(615c) Hybrid-AI Based Modelling of Pressure Swing Adsorption

Modelling and optimization of pressure swing adsorption (PSA) cycles are inherently complex owing to their cyclic nature and flexible process design. The existing mathematical models based on mass, momentum and energy balances resulting in a system of nonlinear coupled partial differential equations (PDEs) are computationally expensive to solve in order to simulate PSA cycles until cyclic steady state. The burden of cyclic steady state makes simulation and optimization of processes even more complex. With the growth in number of adsorbents for a particular separation, there is an increasing need to develop faster adsorption process simulators. It is also critical that the faster models are amenable to development of various processes.

This study focuses on developing a faster modelling approach that incorporates both machine learning and underlying physical laws to accurately simulate the PSA cycle. Neural networks are utilized to fully predict the spatiotemporal profiles of different PSA constituent steps. To this end, neural network models were trained by using few spatiotemporal data points generated from the high-fidelity PSA model while enforcing the constraints of physical laws in the form of system of nonlinear PDEs [1]. As a result, the governing PDEs ensure model regularization and avoid over-fitting while increasing the generalization capabilities. Unique models were built for each type of constituent steps that are typically encountered in PSA cycles. Using the trained neural network for each constituent step, the PSA cycle is constructed and simulated until the CSS where predicted column profiles are directly used to calculate different PSA process performance indicators.

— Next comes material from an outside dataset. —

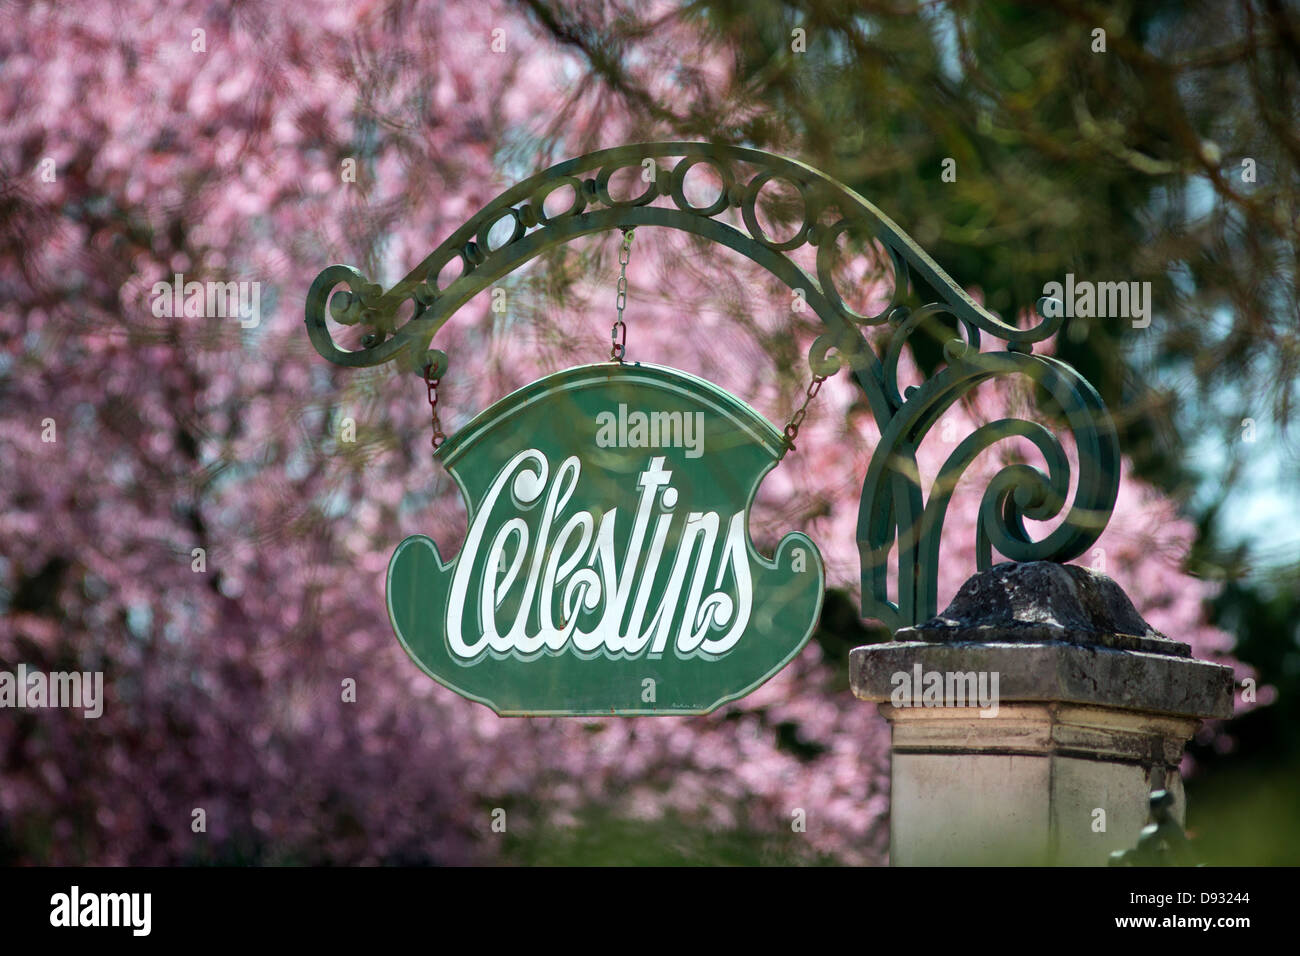 Un retro-style segno che indica il "Celestini' termale molla, a Vichy (Francia). Enseigne rétro de la Source des Celestini. Foto Stock

The model’s performance is evaluated by comparing the CCS profiles with that of the high-fidelity PSA model at different operating conditions. At the meeting, the accuracy and reliability of this approach will be highlighted by considering the case of post-combustion CO₂ capture as an example.

References

[1] Raissi, M.; Perdikaris, P.; Karniadakis G.E. Physics-informed neural networks: A deep learning framework for solving forward and inverse problems involving nonlinear partial differential equations. J. Comput. Phys. 2019, 378, 686-707.